The next few days passed without incident. Mildred settled down in her new surroundings. When Philip hurried off after breakfast she had the whole morning to do the housework. They ate very simply, but she liked to take a long time to buy the few things they needed; she could not be bothered to cook anything for her dinner, but made herself some cocoa and ate bread and butter; then she took the baby out in the go-cart, and when she came in spent the rest of the afternoon in idleness. She was tired out, and it suited her to do so little. She made friends with Philip’s forbidding landlady over the rent, which he left with Mildred to pay, and within a week was able to tell him more about his neighbors than he had learned in a year.

“She’s a very nice woman,” said Mildred. “Quite the lady. I told her we was married.”

“D’you think that was necessary?”

“Well, I had to tell her something. It looks so funny me being here and not married to you. I didn’t now what she’d think of me.”

“I don’t suppose she believed you for a moment.”

“That she did, I lay. I told her we’d been married two years—I had to say that, you know, because of baby-only your people wouldn’t hear of it, because you was only a student”—she pronounced it stoodent—“and so we had to keep it a secret, but they’d given way now and we were all going down to stay with them in the summer.”

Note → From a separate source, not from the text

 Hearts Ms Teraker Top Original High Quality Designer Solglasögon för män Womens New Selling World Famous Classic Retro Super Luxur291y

“You’re a past-mistress of the cock-and-bull story,” said Philip.

He was vaguely irritated that Mildred still had this passion for telling fibs. In the last two years she had learnt nothing. But he shrugged his shoulders.

“When all’s said and done,” he reflected, “she hasn’t had much chance.”

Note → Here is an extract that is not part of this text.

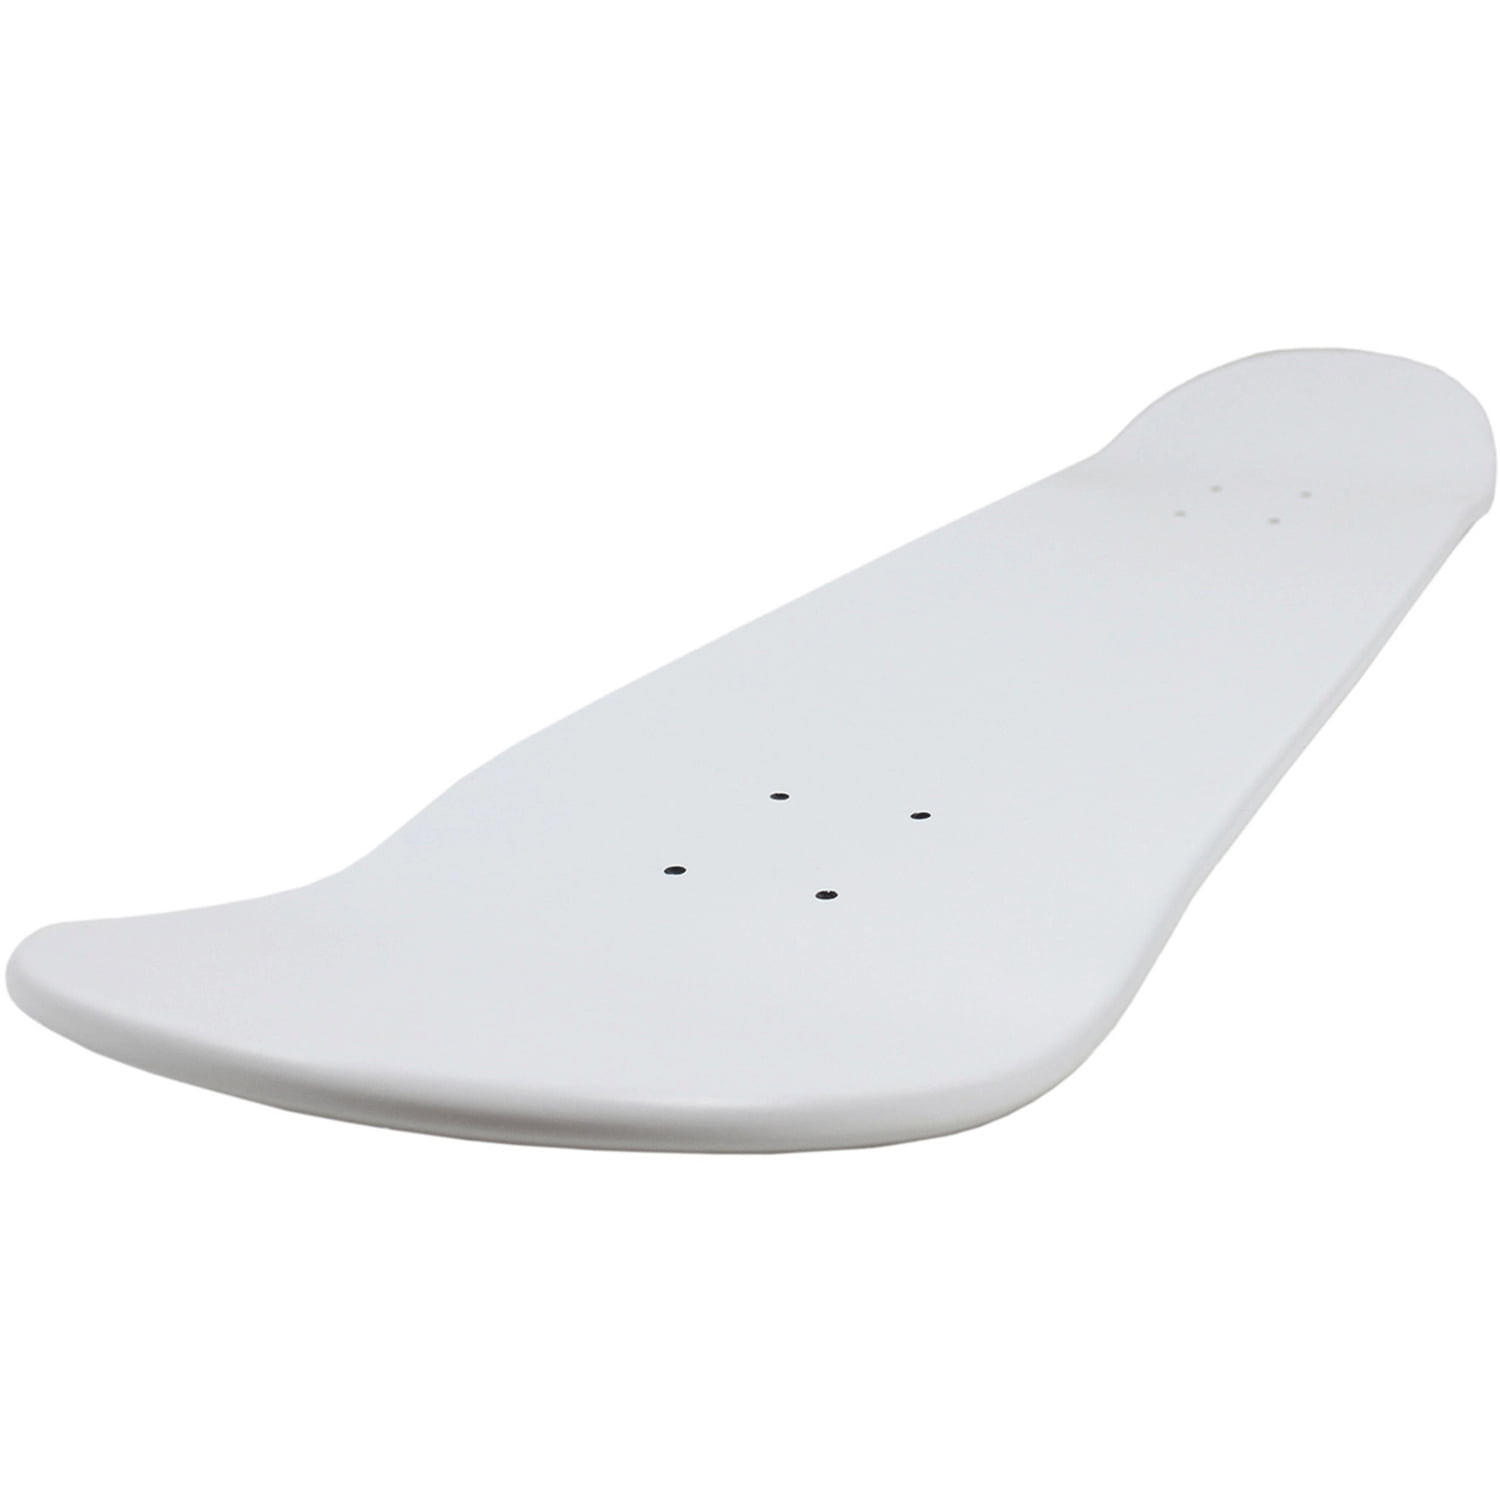 Skateboard Deck Blank Dipped White 8.5' BRAND NEW DECK SEALED IN SHRINK

It was a beautiful evening, warm and cloudless, and the people of South London seemed to have poured out into the streets. There was that restlessness in the air which seizes the cockney sometimes when a turn in the weather calls him into the open. After Mildred had cleared away the supper she went and stood at the window. The street noises came up to them, noises of people calling to one another, of the passing traffic, of a barrel-organ in the distance.

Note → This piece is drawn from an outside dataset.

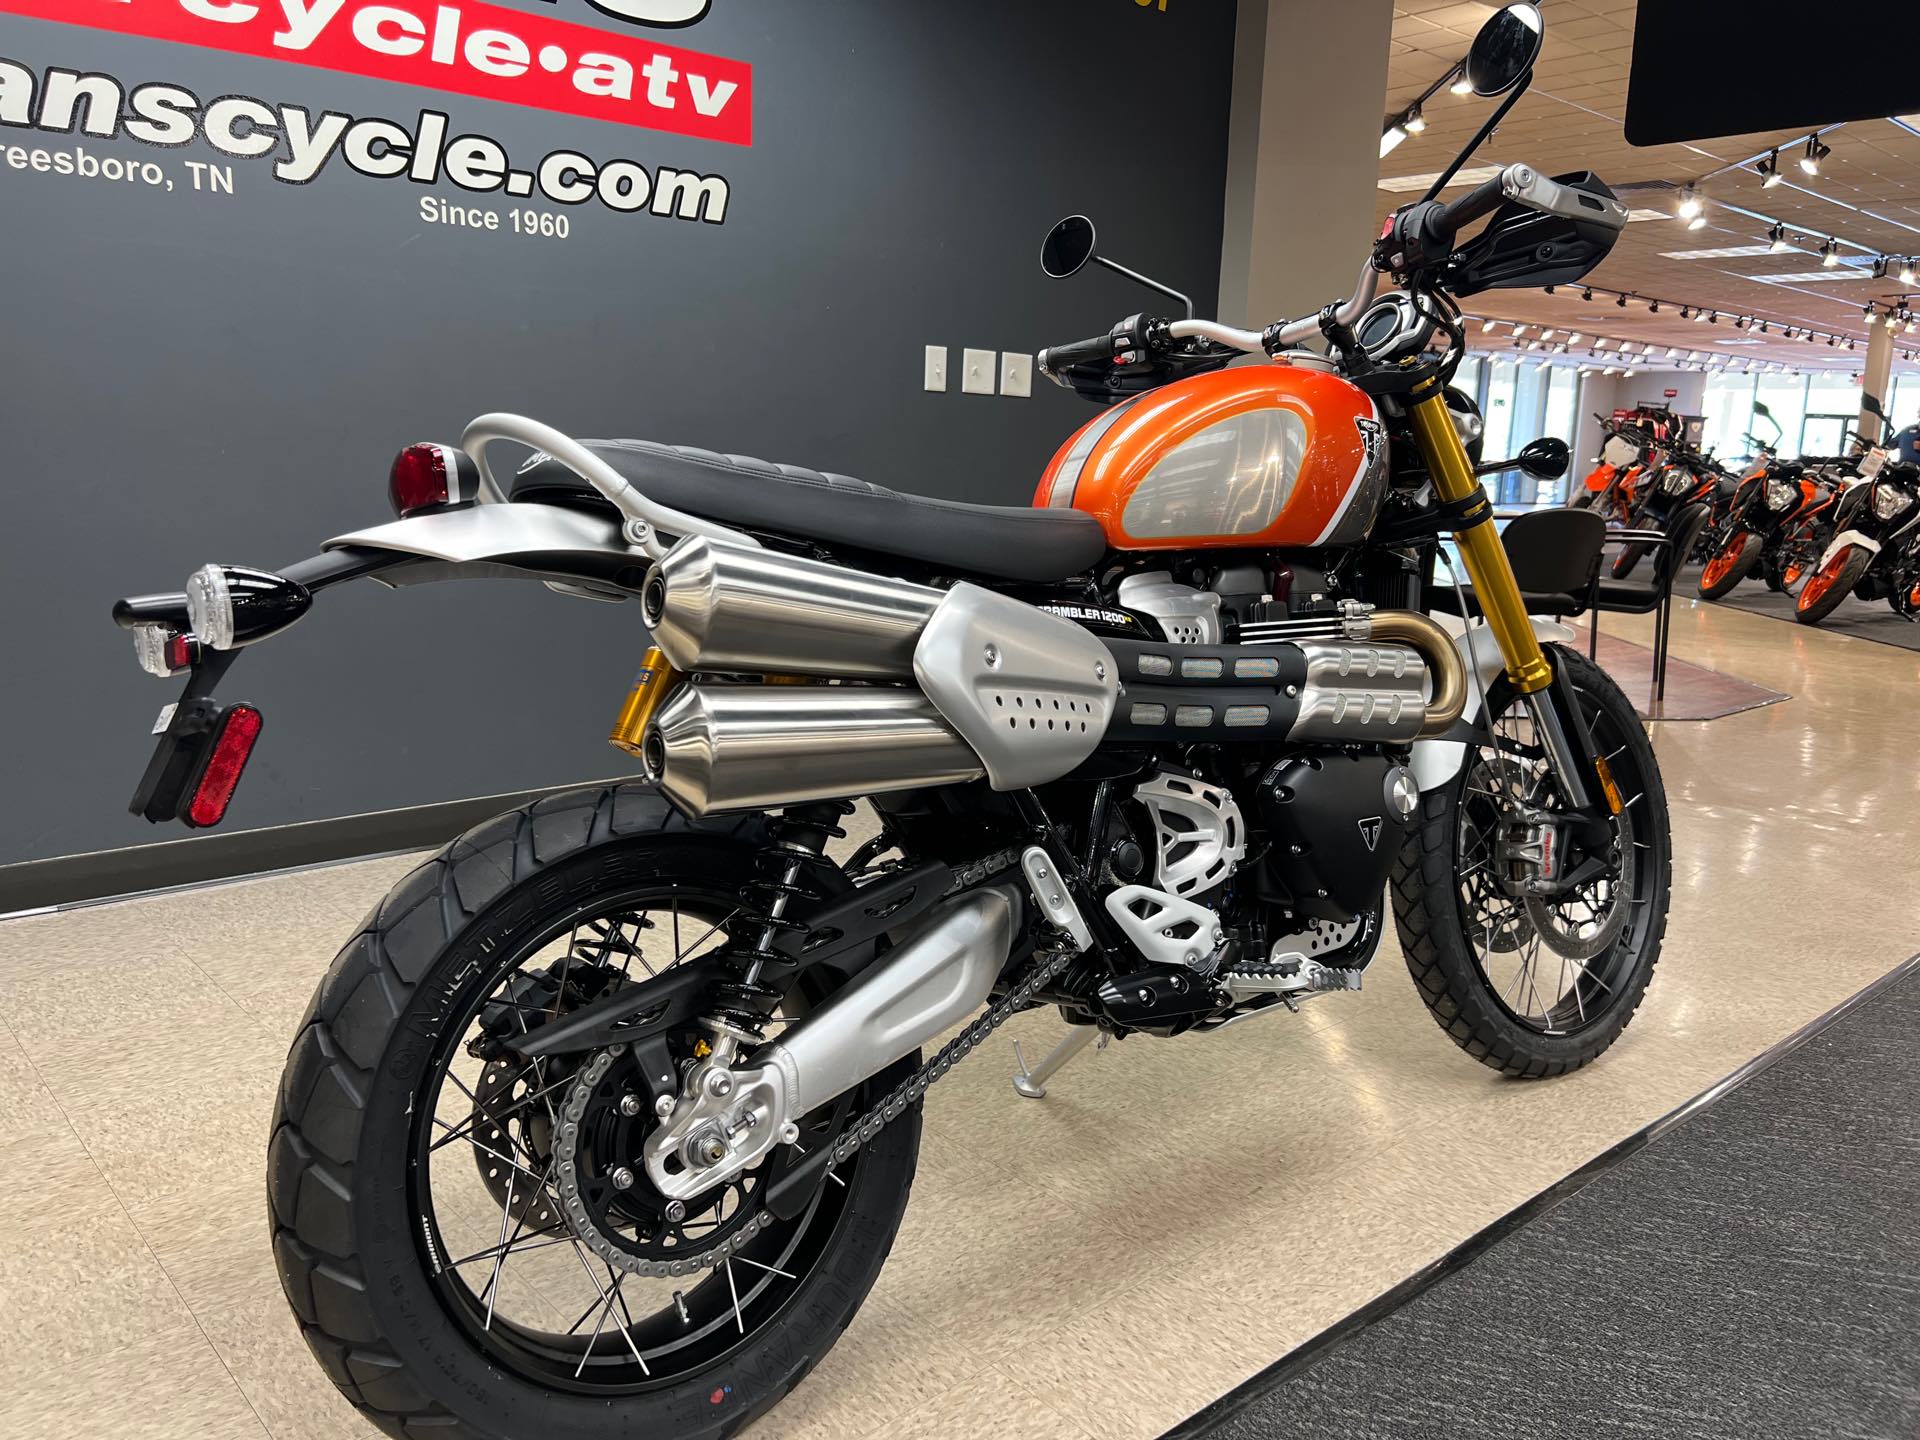 2022 Triumph Scrambler 1200 XE Gold Line at Sloans Motorcycle ATV, Murfreesboro, TN, 37129

“I suppose you must work tonight, Philip?” she asked him, with a wistful expression.

“I ought, but I don’t know that I must. Why, d’you want me to do anything else?”

“I’d like to go out for a bit. Couldn’t we take a ride on the top of a tram?”

“If you like.”

“I’ll just go and put on my hat,” she said joyfully.

The night made it almost impossible to stay indoors. The baby was asleep and could be safely left; Mildred said she had always left it alone at night when she went out; it never woke. She was in high spirits when she came back with her hat on. She had taken the opportunity to put on a little rouge. Philip thought it was excitement which had brought a faint color to her pale cheeks; he was touched by her child-like delight, and reproached himself for the austerity with which he had treated her. She laughed when she got out into the air. The first tram they saw was going toward Westminster Bridge and they got on it. Philip smoked his pipe, and they looked at the crowded street. The shops were open, gaily lit, and people were doing their shopping for the next day. They passed a music-hall called the Canterbury and Mildred cried out:

“Oh, Philip, do let’s go there. I haven’t been to a music-hall for months.”

“We can’t afford stalls, you know.”

“Oh, I don’t mind, I shall be quite happy in the gallery.”